# Data Wrangling Exercises

<sup>This notebook is a part of Natural Language Processing class at the University of Ljubljana, Faculty for computer and information science. Please contact [ales.zagar@fri.uni-lj.si](mailto:ales.zagar@fri.uni-lj.si) for any comments.</sub>

## Introduction

Data wrangling is the process of cleaning, transforming, and organizing data to make it more suitable for analysis. It is a critical step in any data analysis project, as it ensures that the data is accurate, consistent, and complete.

These exercises are designed to provide practice in data wrangling skills using a real-world dataset. The dataset used in these exercises is the Slovenian Natural Language Inference dataset (SI-NLI), which contains labeled examples of text pairs with corresponding labels of entailment, contradiction, or neutral.

The exercises cover a range of data wrangling techniques, including importing data, performing basic statistics, subsetting observations and variables, creating new variables, grouping data, and combining datasets.

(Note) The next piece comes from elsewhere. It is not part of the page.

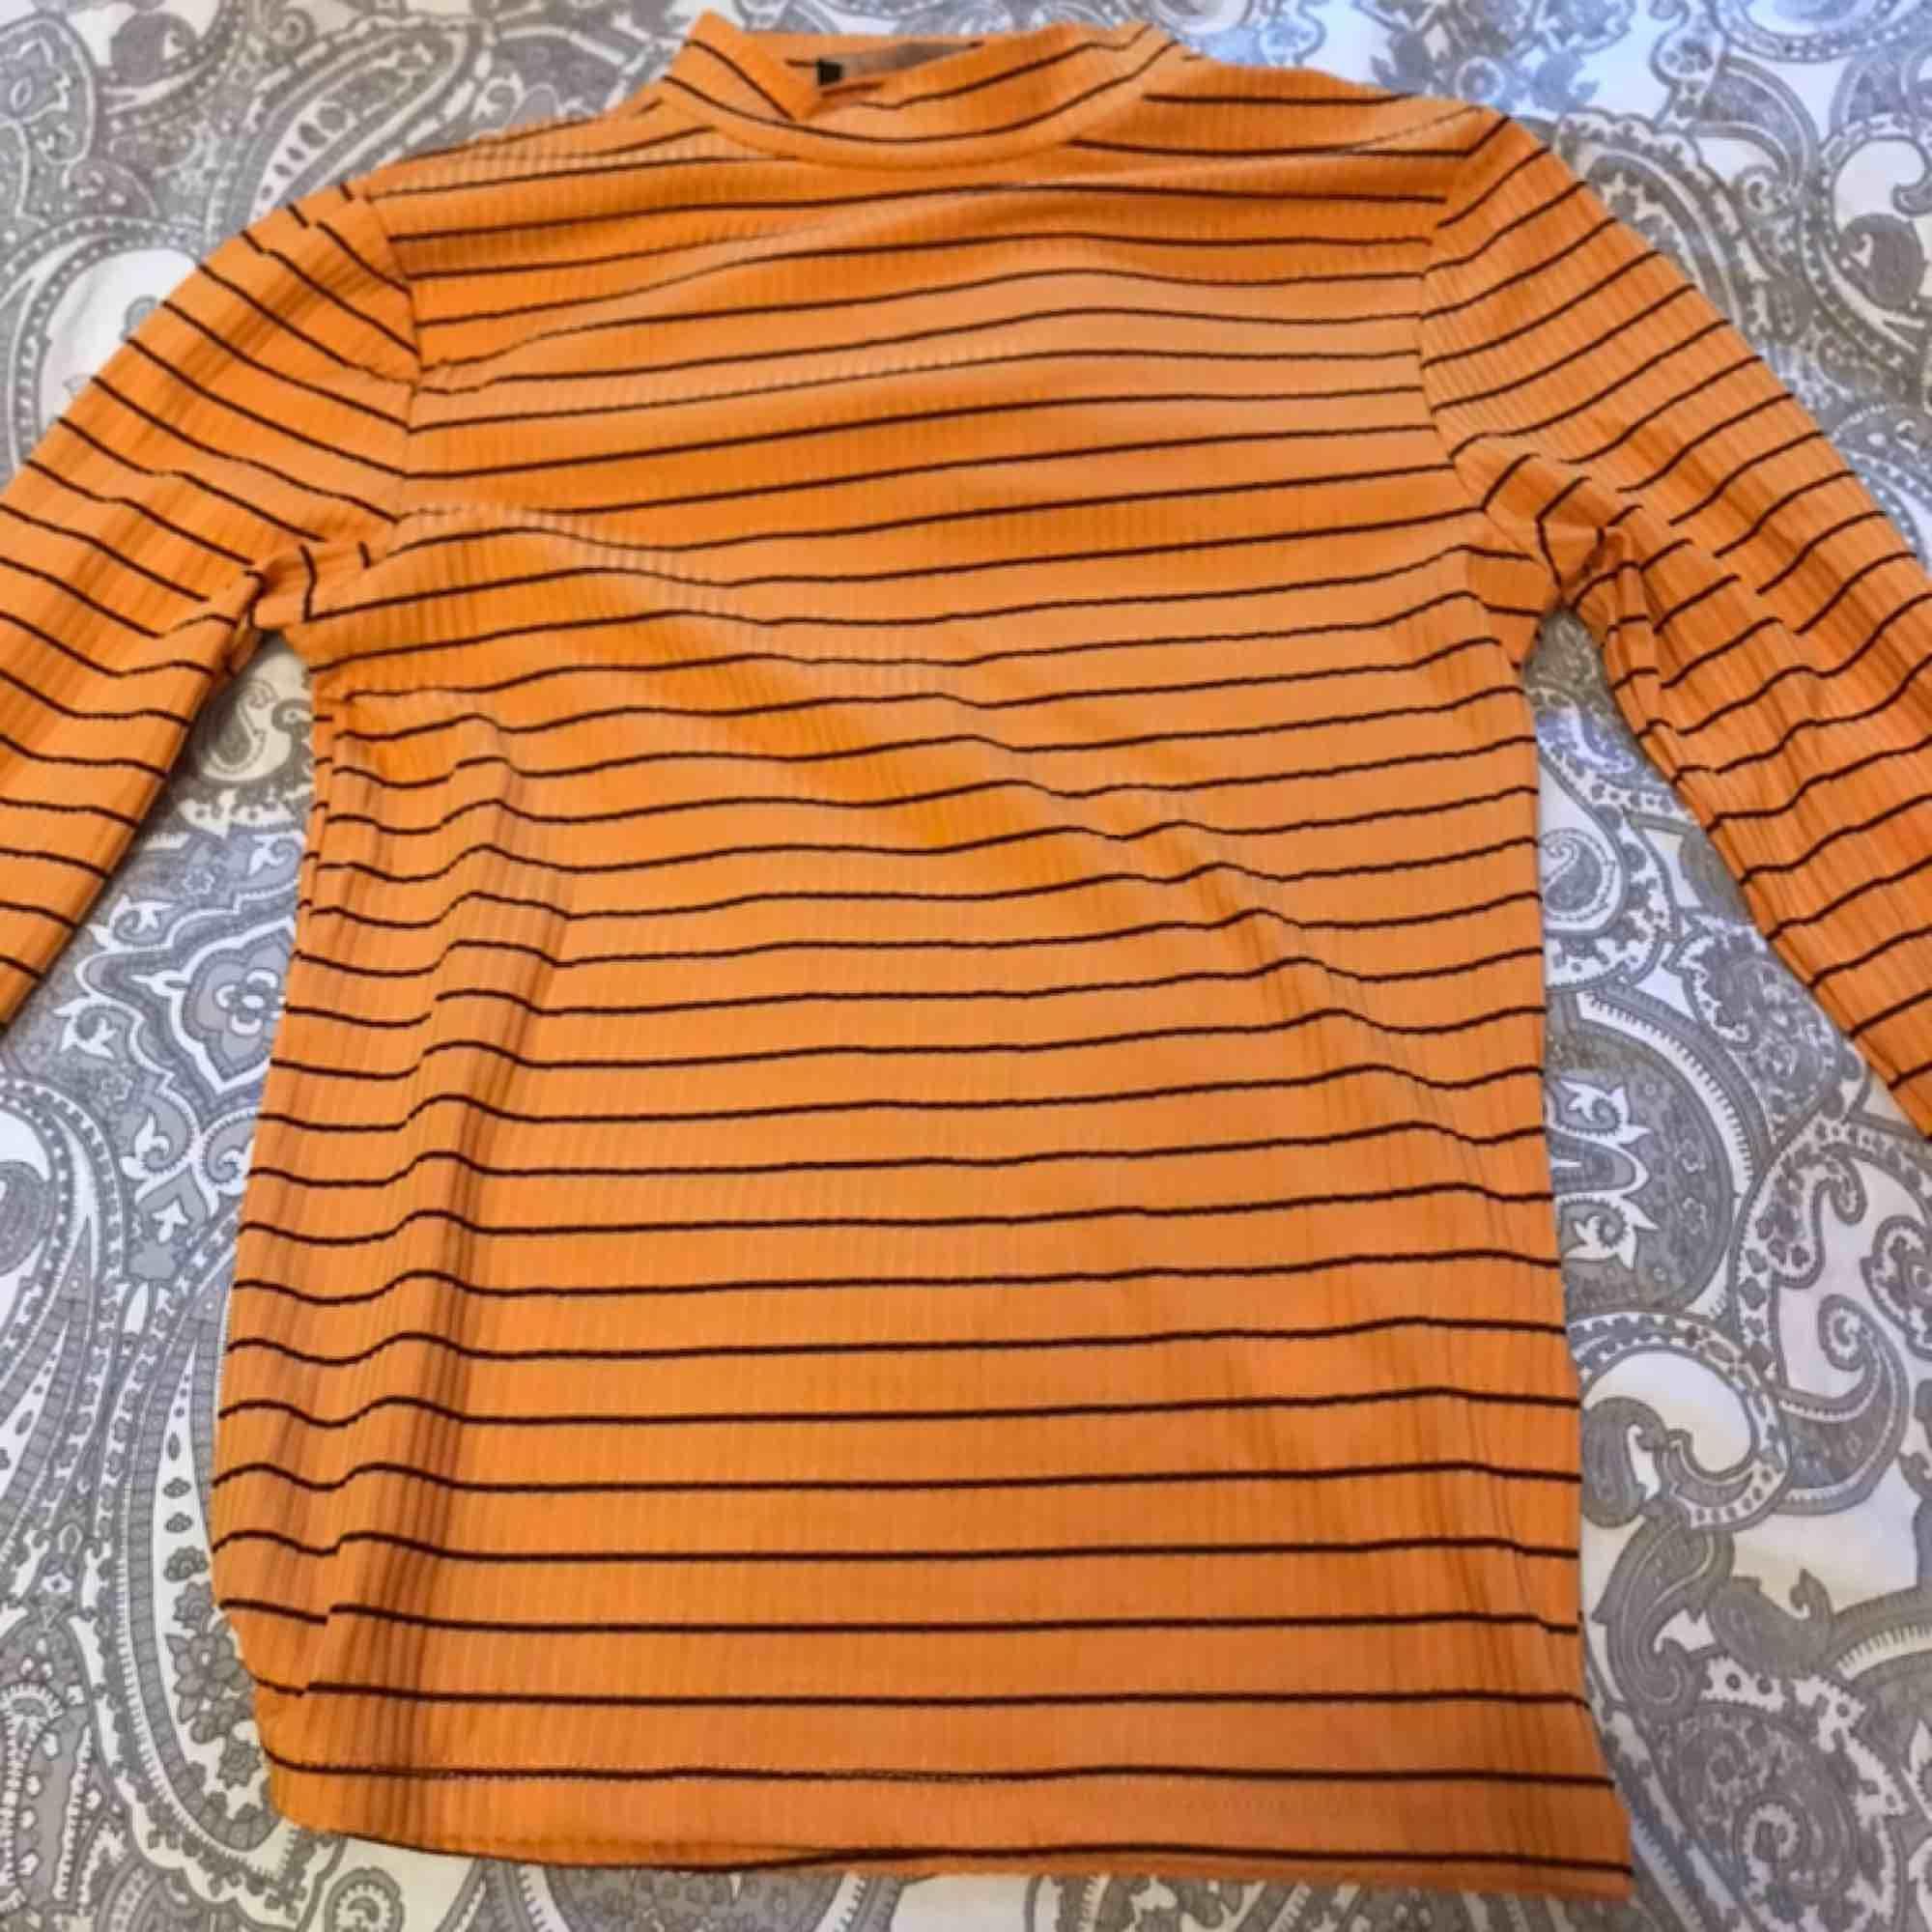 Tröjan är från newyorker. Andvänd Max 2 gånger. Köpte den för 180. Andvänder inte den längre därför jag säljer den🥰(fläcken på första bilden e på spegeln inte på tröjan). Tröjor & Koftor.

By completing these exercises, participants will gain hands-on experience with data wrangling techniques that are essential for data analysis in various fields. They will also develop the skills needed to handle real-world data challenges, such as dealing with missing data, combining datasets, and cleaning data for analysis.

Overall, these exercises are an excellent way to improve data wrangling skills and become proficient in handling NLP datasets.

## Get data

1. Download SI-NLI from [link](https://www.clarin.si/repository/xmlui/handle/11356/1707).
2. Load libraries.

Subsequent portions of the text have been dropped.